As mentioned in our article Housing in Singapore – Exploring the Alternatives, debt of ownership can be a huge issue. It is a hefty burden that for many, represents a lifetime of loan repayment. There is no greater fear to keep you shackled to a job than the fear of losing your home and family. Is it any wonder that few dare to be different and explore alternatives?

Is it even really considered “owning” when one has to take a 30-year loan, is forced to hold a job at all times, with all CPF going to pay the loan, and no way of ensuring some savings? While some may claim that having CPF go into property is a form of savings, it is actually quite a poor form of savings. Due to the lengthy tenors and amount of leverage, a large portion of these “savings” is exposed to global economics.

This great burden comes as a direct result of the desire to own your dream home. That is the Singapore Dream, after all, carefully crafted way back in the 1960s and 70s. But in these times, is it practical, or even desirable? In fact, some might even argue that the opposite is true today. With Singapore Permanent Residents able to take advantage of public housing, won’t they be encouraged to sell for big profits and return to their motherland, where the same money can afford them more comfortable homes and lifestyles?

Lastly, home ownership tends to lock the focus on capital gains, as opposed to a steady rental income ROI. This is similar to playing the stock market, or even like a property casino with our homes. Such an investor mindset can be argued to cause bubble-like phenomenon, since everyone is playing the game to keep prices going up. A few lucky ones will have bought in areas that go up due to sentiment and unfounded exuberance, resulting in a vicious cycle with ever-increasing volatility.

 

Fixation on ownership is detrimental

Currently, the volatility of the Singapore property market makes it more like the stock market or even a gambling operation, instigated by a small percentage of speculators and punters. It seems to us, judging by the feedback and public commentary on housing, that many Singaporeans appreciate a stable property market with prices that are predictable and stable in time, much like a bond or other fixed income instrument.

In conclusion, it is our belief that even the current mix of home ownership is untenable, much less 100% home ownership.

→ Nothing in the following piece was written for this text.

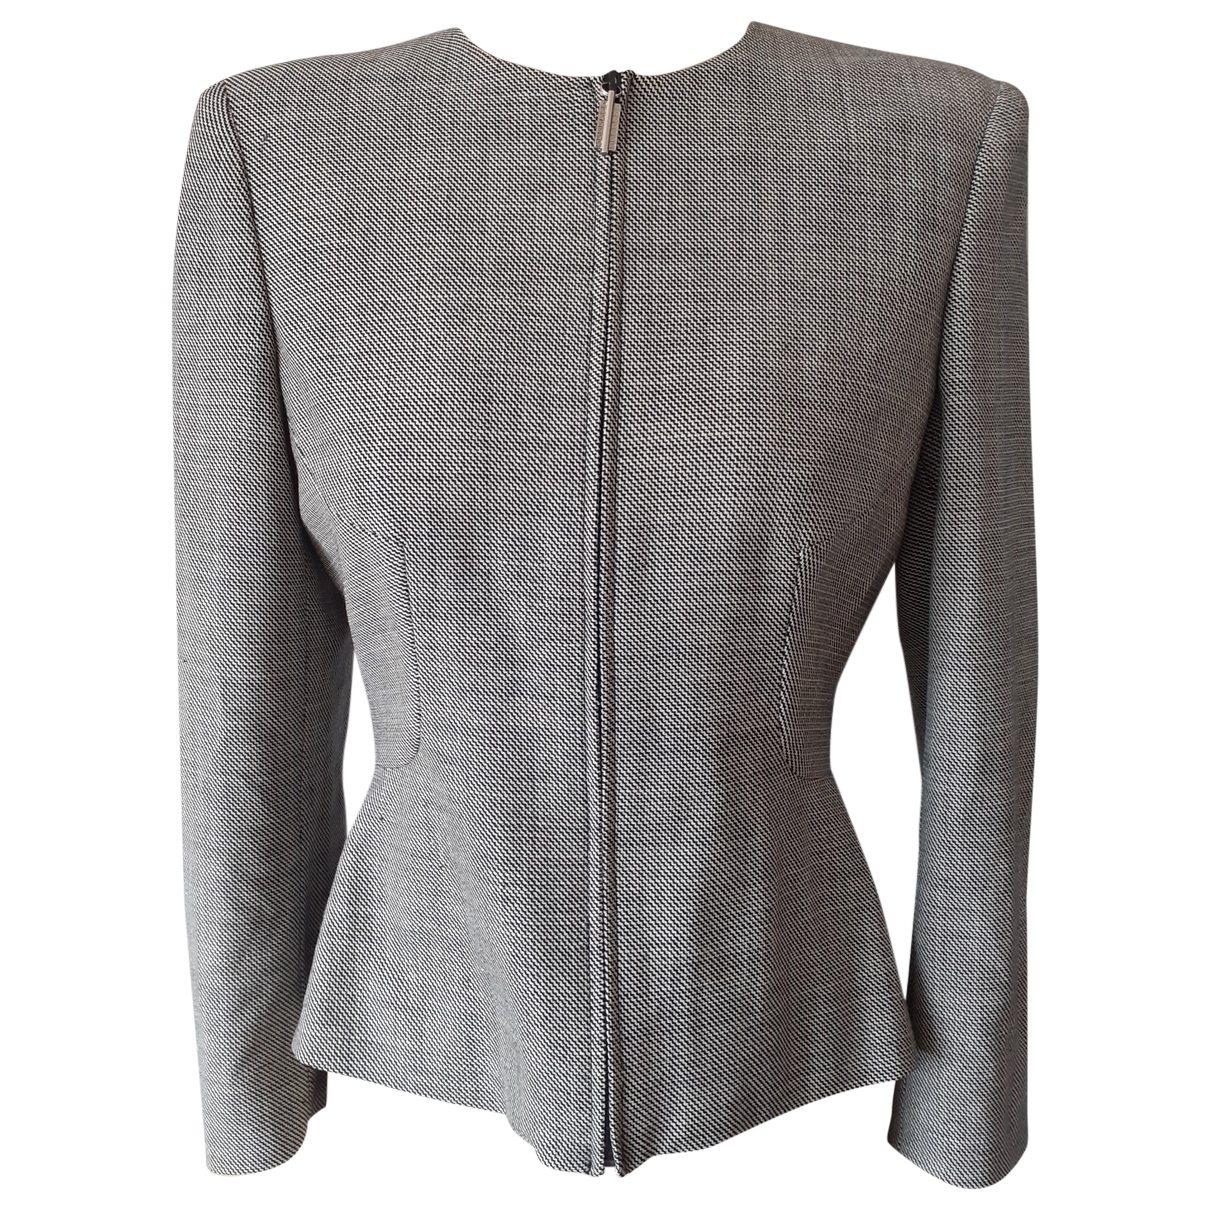 Versace \N Jacke in  Grau Wolle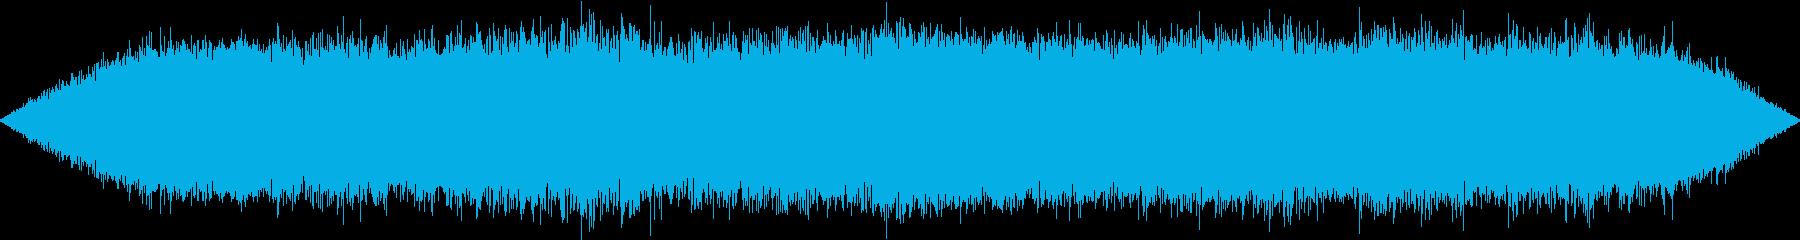 【生録音】初夏の夜の環境音 虫の声 1の再生済みの波形

It is an illusion that is sustained through much effort on the part of society. After some serious thought, we at BLUTA caution against putting such an aspiration on a pedestal; it would be akin to putting all our nation’s eggs into the “home-ownership” basket. We advocate a more balanced mix of both affordable rental options as well as responsible home ownership. This would be healthy for both the market as well as citizens of Singapore.

What do you think? Let us know, and share with us by commenting below or in our social media channels, Facebook, Twitter, and Google+.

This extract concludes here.